Read Danger Close Online

Authors: Charlie Flowers

Tags: #Espionage, #Fiction, #Retail, #Thrillers

Danger Close (22 page)

‘The helos fired on a police vehicle, fella.’

‘That’s NOT a police vehicle, that’s X-Rays.. I give up.’

They looked at each other. The nearest one’s Airwave set chattered on his shoulder and he answered it. I carried on. ‘Guys! A petrol tanker with a mocked up chase car! They’re driving it to a mosque and it’s coming!’

‘OK fella. You lot Army?’

‘Yeah. Kinda. The helos are Regiment.’

Calamity had exited our car and walked up to my left.
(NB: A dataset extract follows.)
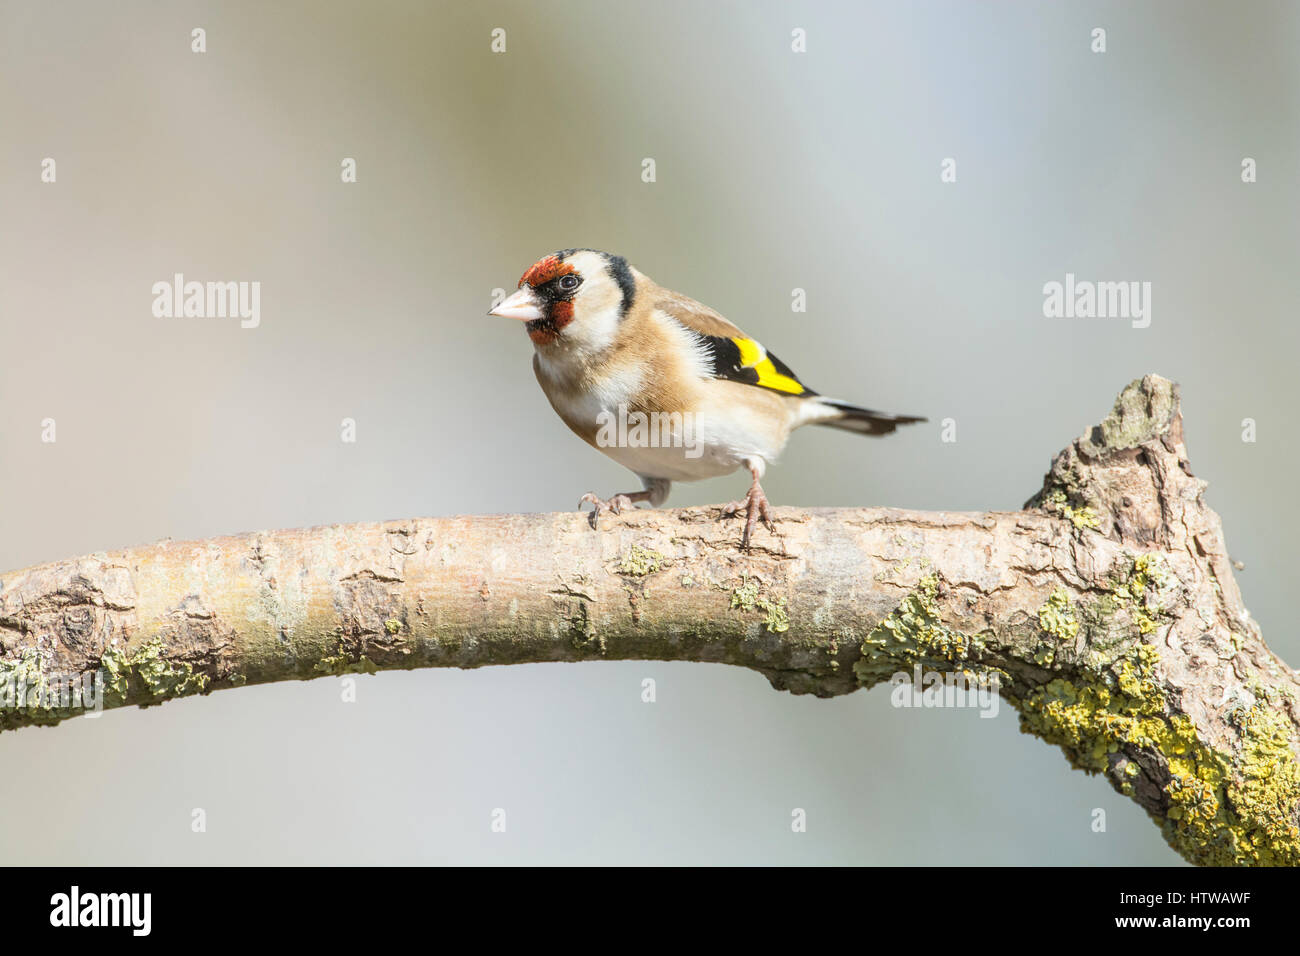 Goldfinch (Carduelis carduelis) perched on a branch Stock Photo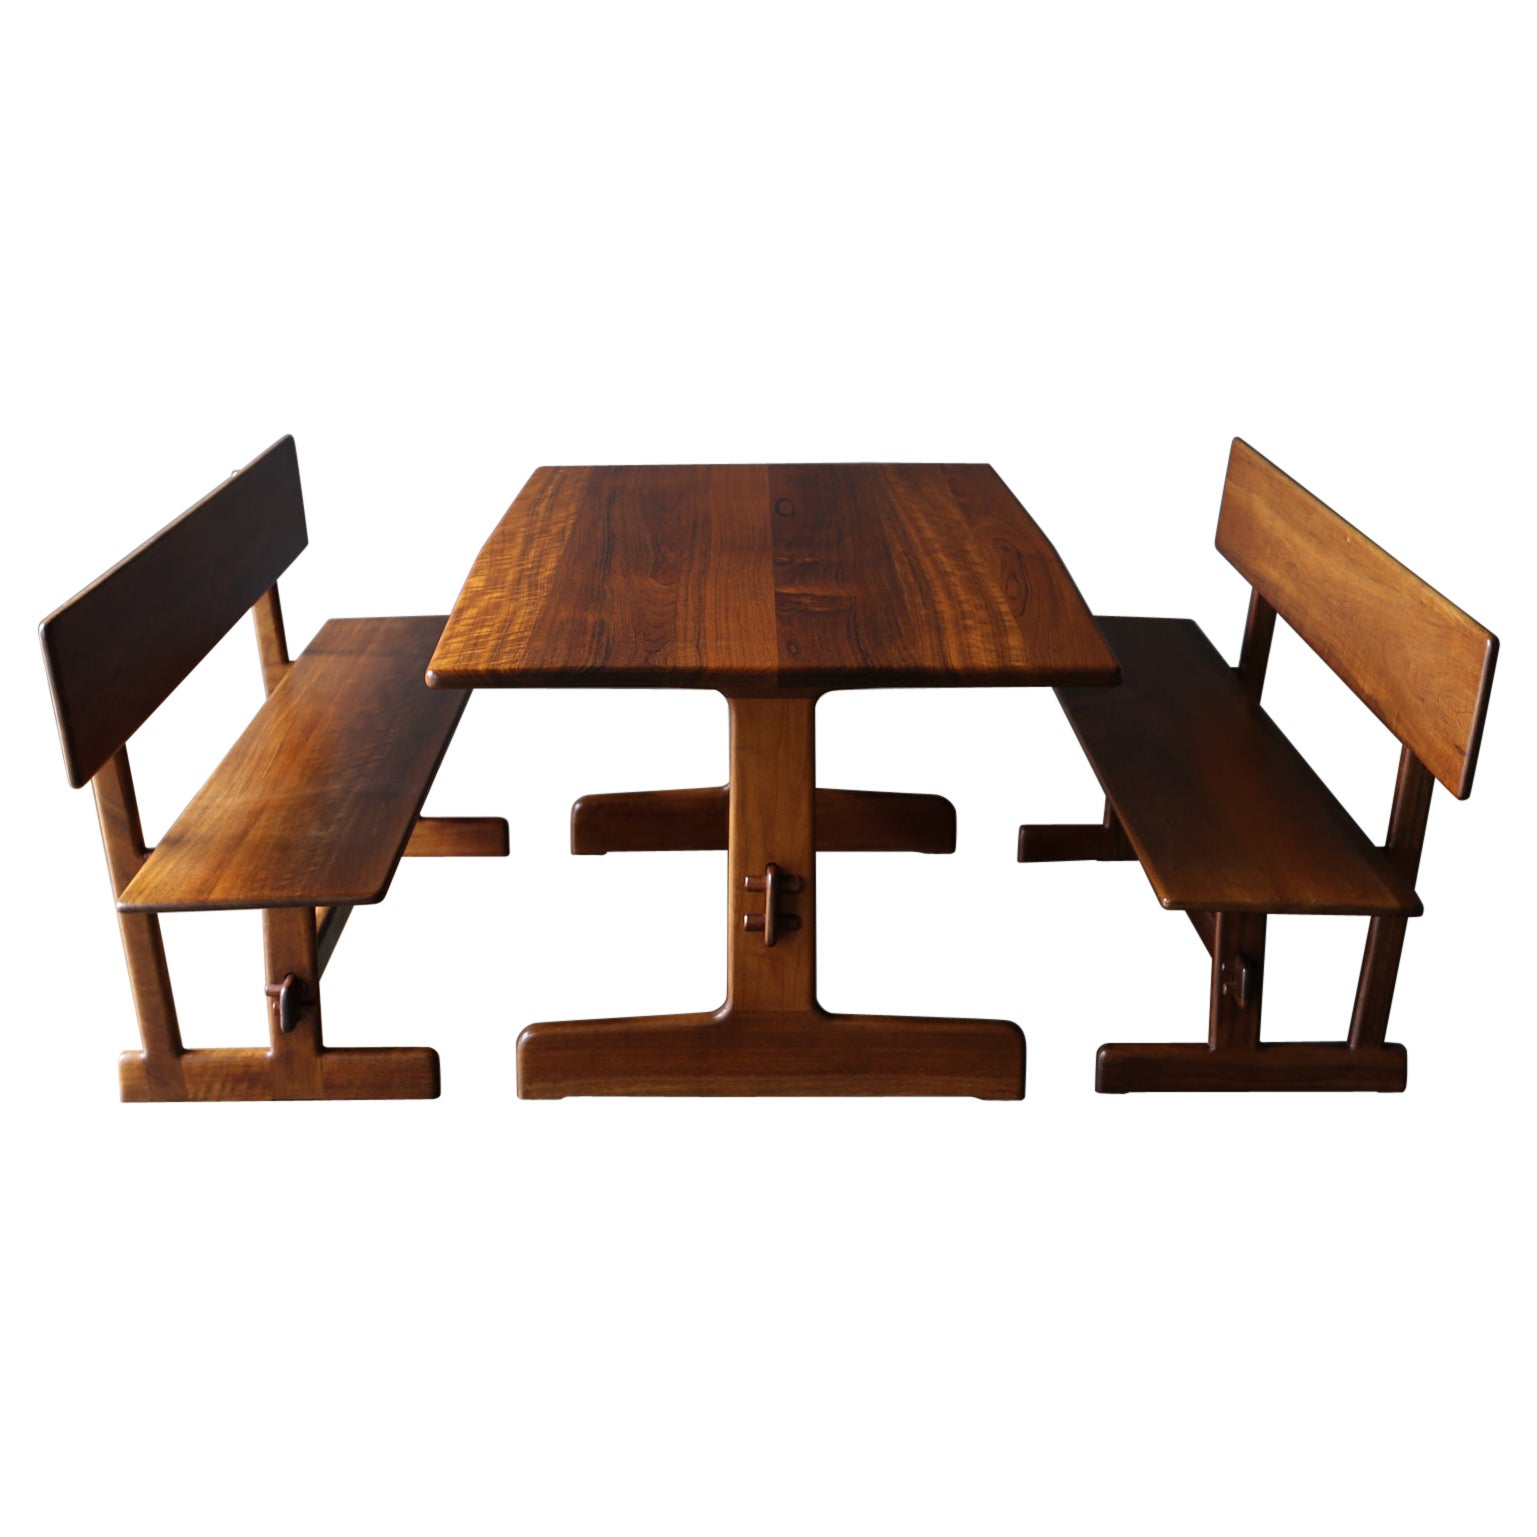 Gerald McCabe Shedua Trestle Dining Table & Benches, c.1980

She squeezed my shoulder and gave me a low whistle. She was holding a pistol and the ARV crew noticed.

We all looked back and up, at the growling MH-6 in the distance. To our left, a West Midlands Police helicopter was hovering impotently. The cop gave us a final glance and spoke.

‘Alright. Let’s get moving, we’ll set another roadblock.’

There was a crackle of small-arms fire over the way. A green flare shot into the air, way over by the railway station. The cops jumped in their ARV and got moving. Behind us Sadie stepped out of the car and shot a flare into the sky with a whoosh… crack… it burst over our heads in a brilliant red glare, and arced down behind the lockups. She shrugged as I looked enquiringly at her. ‘Radios not good enough?’

‘Nope.’

I waved my hand like a baseball referee. ‘Enough of this! Do any of you lot know what’s going on? Why are we all firing flares and who is shooting down there?’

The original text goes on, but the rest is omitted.